Где меня продуло — хрен его знает. По пьяни же разогреваешься и сквозняков не чувствуешь. И земли холодной не чувствуешь, а потом обрубишься — и вообще ничего не чувствуешь. И проснулся я оттого, что меня ломало. Крючило, плющило и колбасило. В теле жар, суставы выкручивает, грудь заложило. Колотит меня и в башке даже слегка гудит. Явно температура охрененная.

Ну что. Горячее пить надо. В тепле лежать надо. А я лежу… я где вообще?.. вот суки, так и бросили. Я под дождем лежу, мокрый насквозь, почти что в луже. Ничего себе «продуло». И темно. Времени не сообразить. Это начало ночи, вечер, или утро скоро?..

Тихо кругом. Дождик шуршит. Редкая машина вдали проедет. И в домах всего несколько окон горит. Скоро утро, значит. Ночь под дождем пролежал. Конец мне.

И когда я понял, что мне конец, стало мне удивительно спокойно. Прямо отрадно стало. Ничего я не хочу, никого я не ненавижу, и теперь уже вовсе ни с чем бороться не надо. И ничего я не хочу делать. Спокойно уснуть, и все, и нет ничего желаннее и слаще: отдых после мучительного пути неизвестно куда.

Но это тоже, наверно, привилегия полноправных граждан. В чистых постелях, в теплых комнатах. Потому что лежать в мокрой одежде на мокрой земле ничего хорошего нет. Я согласен умереть, но чтоб не так холодно и противно, чтоб не колотило так, аж зубы заляскали. И пить я хочу, вставать надо. Суки, что ж они меня бросили. Сами, поди, еле уползли.

Так. Сначала надо свалить с дождя. В тепло. Отогреться и сменить хоть рубашку. У меня в сумке есть.

В подъездах я ночевать избегаю. Увидят — выкинут, а могут избить. Рук-то они, злые, не марают — они тебя ножками стопчут. Они здоровые, которым нравится бомжа потоптать. Но тут выбирать некогда.

Подгреб я к ближней пятиэтажке, зажигалкой посветил: на кодовом замке нужные клавиши всегда стерты. Открыл их железную поганую дверь; все они, суки, живут за железными дверьми. Духовный народ, мля. И пошел на самый верх.
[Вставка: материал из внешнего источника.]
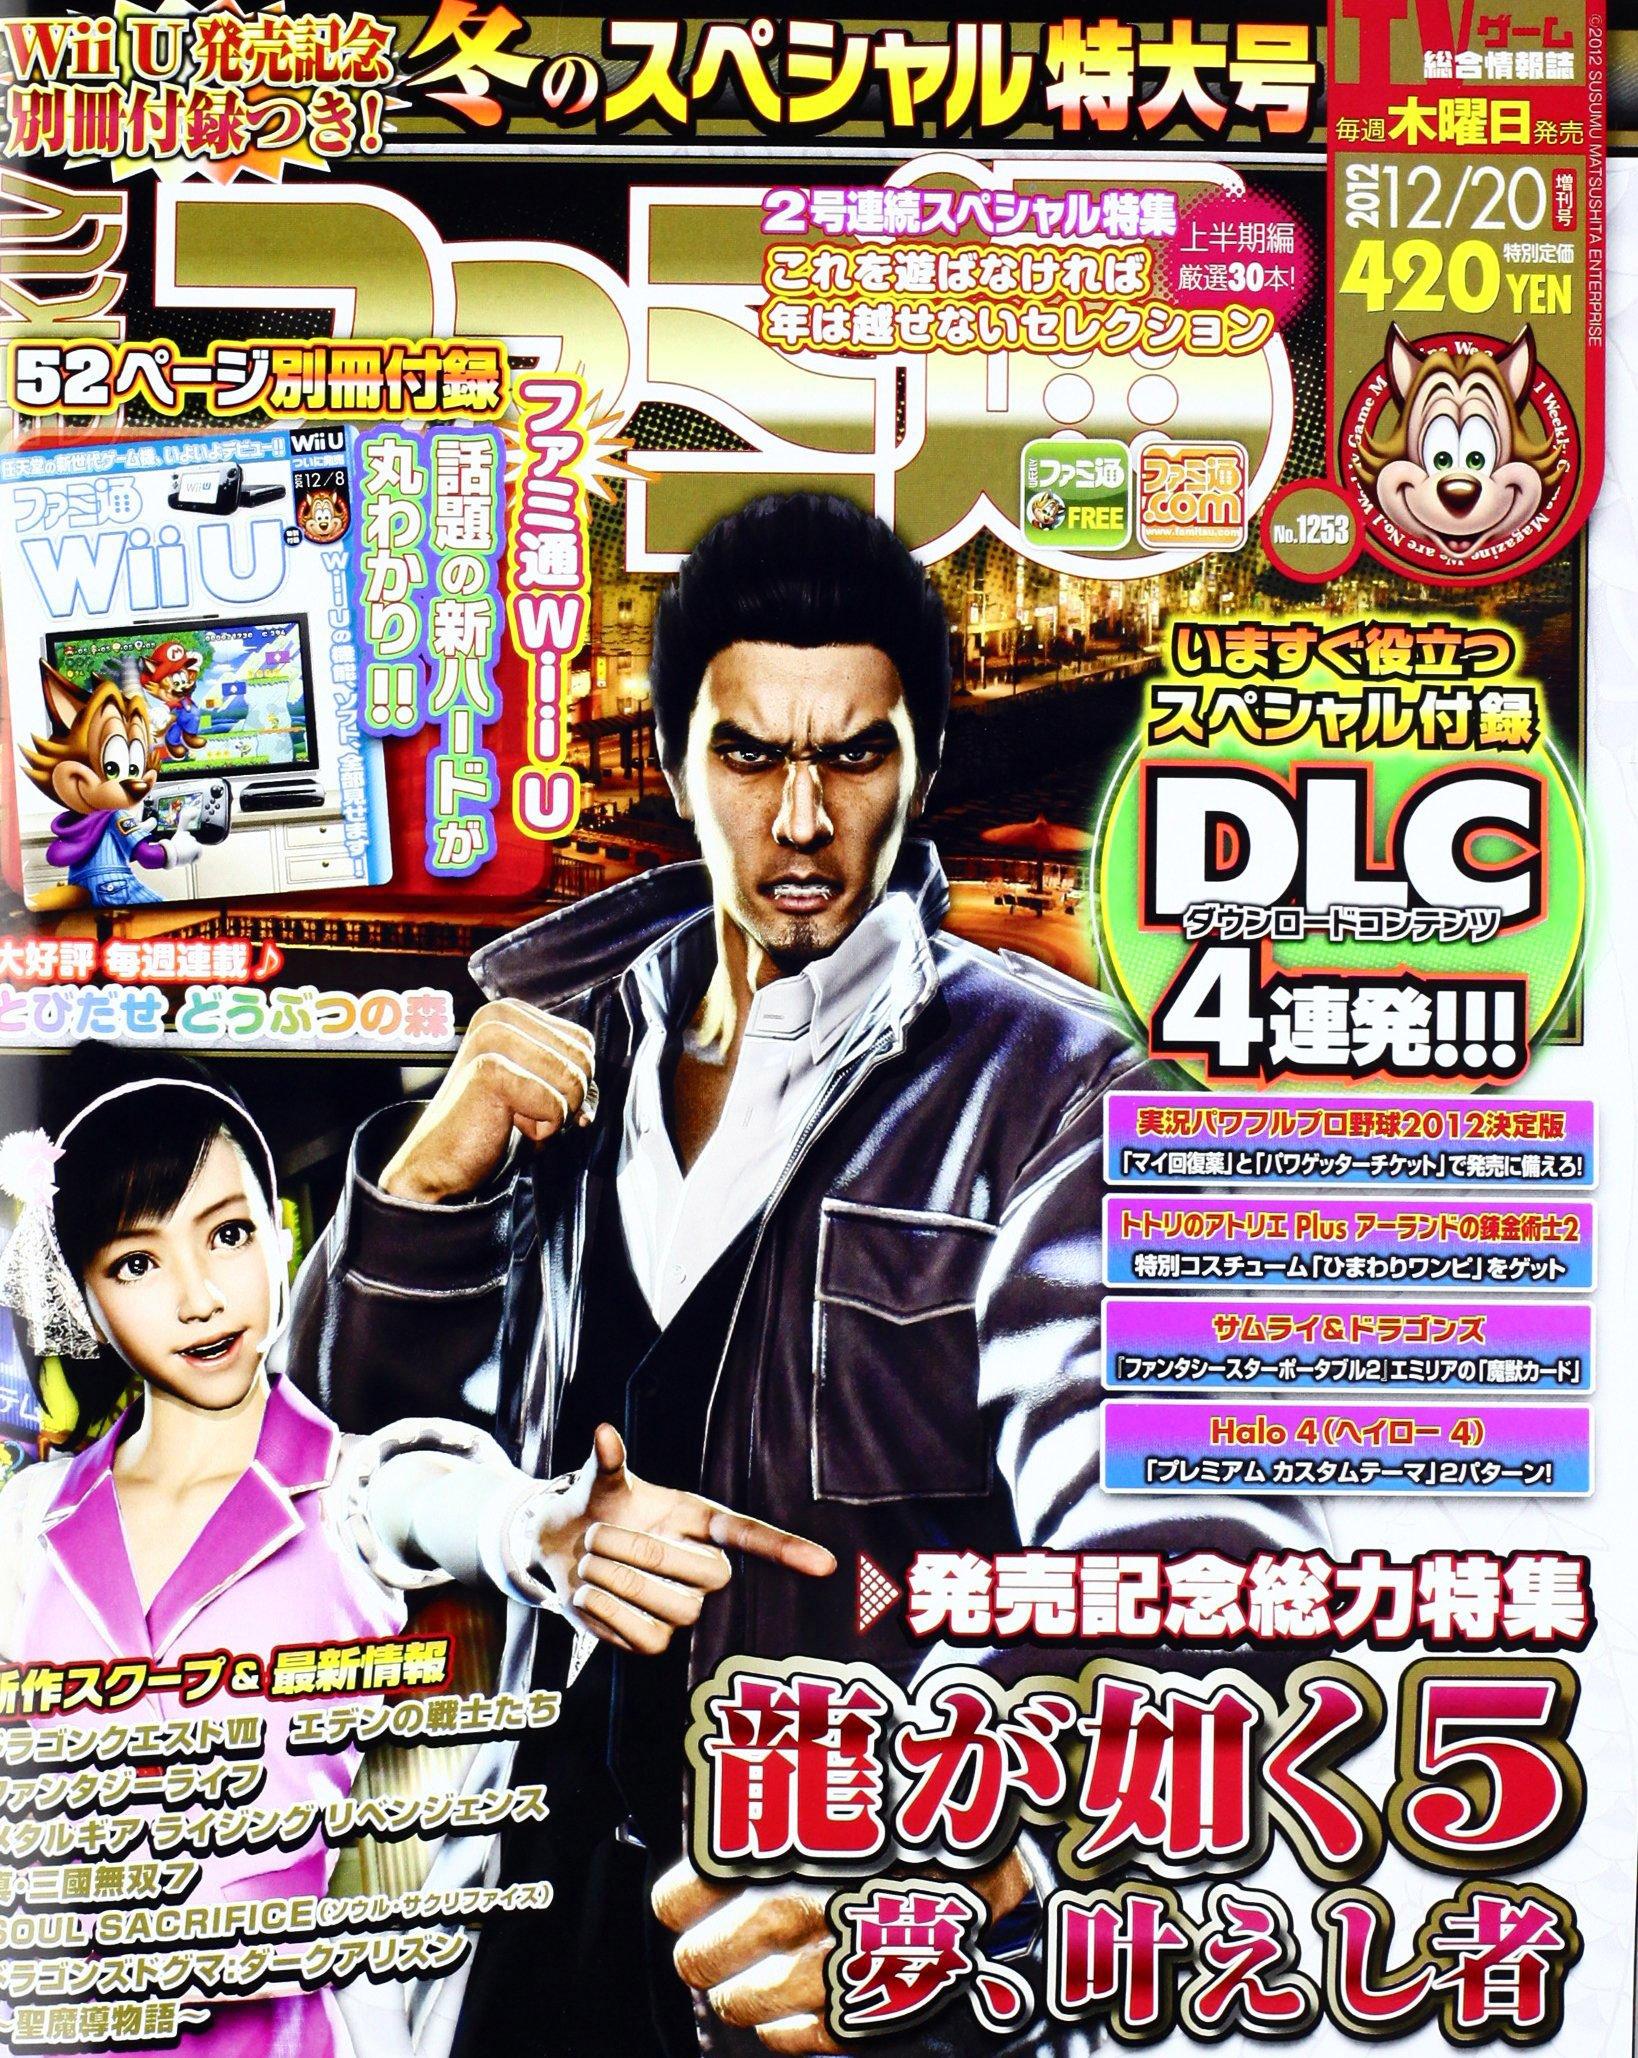 Famitsu 1253 (December 20, 2012)

Поднимаюсь по лестнице и чувствую, что реально прихватило. В груди свистит и дышать больно. Может, бил меня кто, а я не помню?.. Еле приволокся на верхнюю площадку. Снял с себя все, выжал, футболку переодел сухую и трусы. Хорошо, что сумка из синтетики, воду не пропускает. Носки тоже сменил, есть у меня. Но холодно так. Из дверей с крыши дует. Пришлось верхнюю всю одежду надеть обратно влажной.

А уже не очень соображаю. Я сумку оставил наверху, и прошел по лестнице — насобирал три половичка, где у квартир не резиновые коврики, а обрезки дорожек или еще что тряпичное. Два половичка подстелил снизу, один на себя сверху — и провалился.

Проснулся от кашля. Почти сразу, наверно. Лающий кашель, режущий, больно в груди. И в горле больно.

А внизу уже дверь хлопает. Окно на площадке серое. Утро началось.

И поднимается ко мне один. А ведь ровесник, наверно. Не знаю, лет под пятьдесят. Самый злой возраст. Самый жестокий.

— Та-ак! А ты здесь что делаешь?! А коврики чего набрал? Вшей тут напускать. А ну па-шел!!

Я объясняю, типа отец родной, разреши еще чуток полежать, уйду я, ничего не прошу, приболел просто, согреться хотел.

Пнул он меня по ноге, больно так:

— Пошел! Срань вонючая! Еще по подъездам гадят! Ну!!!

Злой мужик. Чего спорить. Пошел я.

А дождь еще не перестал.

Уже окна светятся, народ из подъездов выходит, мне б до моих труб теплых дойти, да они, похоже, на другом конце города, как меня сюда занесло. Иду вдоль соседнего дома — один подъезд открыт. Не выдержал — вошел и быстро наверх.

И уже на пятый поднимаюсь — навстречу парень спускается. Конкретный качок, нос боксерский по щекам размазан, в дешевой кожаной куртке. И смотрит на меня. Глаза — светлые щелки. Убийца.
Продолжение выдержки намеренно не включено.